La saison des festivals s’annonce riche et la banlieue nord de Montréal vient de mettre la barre très haute. Santa Teresa n’est pas le nom d’un navire de la flotte de Christophe Colomb, mais plutôt le premier festival à mettre pied à terre pour annoncer la saison estivale. Les mélomanes sont restés ébahis devant la diversité et la profondeur de la programmation lorsque celle-ci fut dévoilée en grande pompe il y a à peine quelques semaines. Se situant quelque part entre Pop Montreal et le Festif, elle permet de ratisser assez large en conviant plusieurs tranches d’âge sous un ciel clément et le clocher de l’église. Pour une première édition, les organisateurs n’y sont pas allés de main morte sur le dos de la cuillère. Et ils ont beurré épais, et c’était parfait. Nous avons eu la chance de participer à l’une des soirées du festival et d’assister à deux concerts tout à fait mémorables.

Patrick Watson a d’ailleurs rempli l’église Ste-Thérèse d’Avila deux fois plutôt qu’une. C’est avec Louis-Jean Cormier et Safia Nolin en première partie que le spectacle du vendredi soir eut lieu. Nous assistons carrément à un programme double Watson/Cormier, deux grandes têtes d’affiche dans des formules complètement différentes. Louis-Jean Cormier, seul sur scène avec sa guitare nous rappelle pourquoi il est depuis de nombreuses années le plus grand auteur-compositeur du Québec. Sans être un grand fan de sa musique, et l’ayant vu plus d’une dizaine de fois depuis l’époque Karkwa, cette performance fût de loin la meilleure que j’ai pu voir. Il semble libre et ne doit plus rien à personne. Certaines pièces interprétées avec beaucoup de distorsion ont dû faire grincer des dents plusieurs personnes, mais pour d’autres il s’agissait tout au contraire d’un retour aux sources depuis longtemps attendu. Les rumeurs sur un éventuel retour de Karkwa semblent avoir donné beaucoup d’entrain à l’ex-juge de La Voix. La formule semi-acoustique; un micro, un ampli, laisse toute la place à la poésie de l’auteur et à la subtilité de ses mélodies.

Patrick Watson devait alors se présenter sur scène avec une troupe de plusieurs musiciens et choristes à faire vibrer les vitraux. L’église toujours aussi pleine, nous aurions pu nous attendre à ce qu’elle se vide après le passage de Louis-Jean, mais ce ne fut aucunement le cas, écoutait avec un silence de marbre le pianiste nous interprétés des pièces surtout plus récentes de son répertoire. Son groupe est incroyablement solide et réussit à le suivre dans toutes ses élucubrations. L’orchestration se rapproche parfois d’un son très indie-rock à la Arcade Fire, parfois au contraire très folk, plus près de Leonard Cohen. Dans tous les cas, on parle du son montréalais et avec raison. Le son qui fait que la planète tourne la tête pour nous observer un moment donner un second souffle à nos églises de banlieue. Une performance magistrale qui manquait peut-être un peu de succès, mais qui a laissé place à beaucoup de magie. Un solo d’égoïne. Et une improvisation musicale intitulé Jesus in my back pocket.

Fallait se grouiller un peu pour ne pas manquer Sunns au Monté Cristo qui envoutait le bar avec une musique post-punk/dark-wave très près de ce que les Cure, Bauhaus ou Joy Division pouvait faire il y a trente ans. Comme si on était plongé dans un remake du film Le Corbeau, mais réalisé par Tim Burton. Une drôle d’ambiance entre la joie et la dépression, c’est flou et parfois très répétitif, mais néanmoins grandement intéressant.

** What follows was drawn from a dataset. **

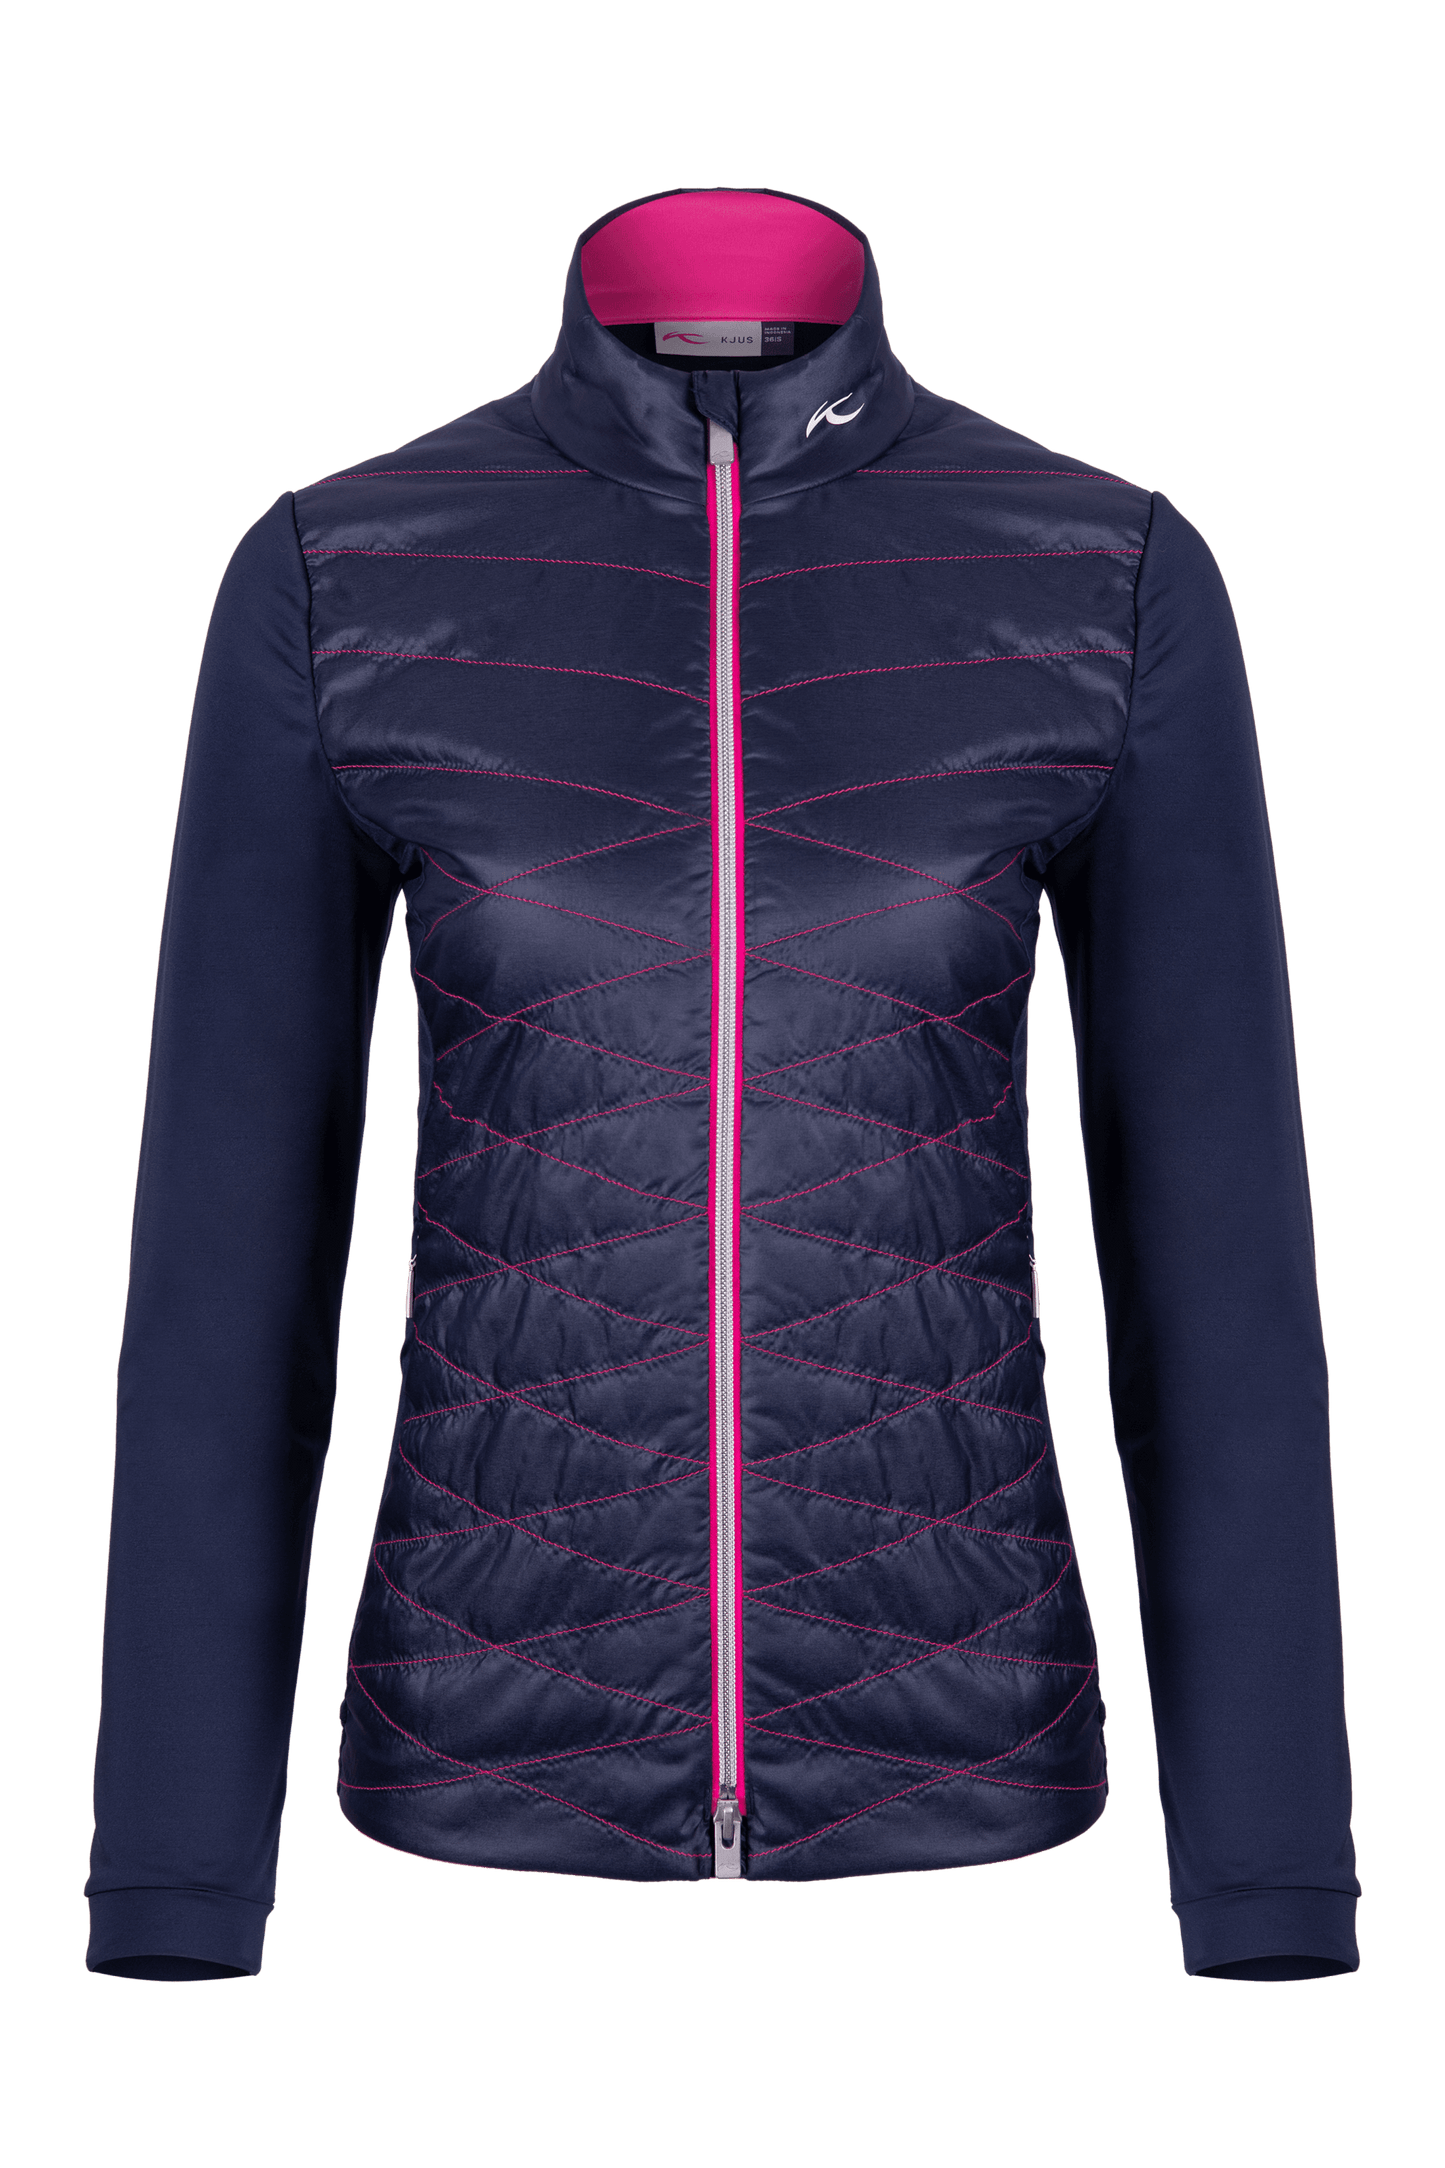 Women Retention Jacket by Kjus - The Luxury Promotional Gifts Company Limited

Duchess Says allait prendre la relève devant un public clairement montréalais. Le Mile-end s’était déplacé et avait bravé un pont pour assister à cet événement qui en valait grandement la peine et le coût. Le groupe d’Annie-Claude Deschênes a pris possession de l’espace et du système de son comme seul un groupe d’expérience en est capable. Avec plus de 15 ans de tournée dans la poche arrière, le groupe captive aussitôt l’auditoire et donne des performances (presque) aussi endiablées qu’à ses débuts. Après avoir fait danser la centaine de personnes présentes et d’avoir trimballé son micro branché jusqu’aux tables de billard au fond de l’établissement pour y déranger une partie, Annie-Claude et son groupe remonte sur scène pour un rappel d’une vingtaine de minutes afin de clore mon incroyable première et brève expérience du festival Santa Teresa. Les mythes se créent à Sainte-Thérèse.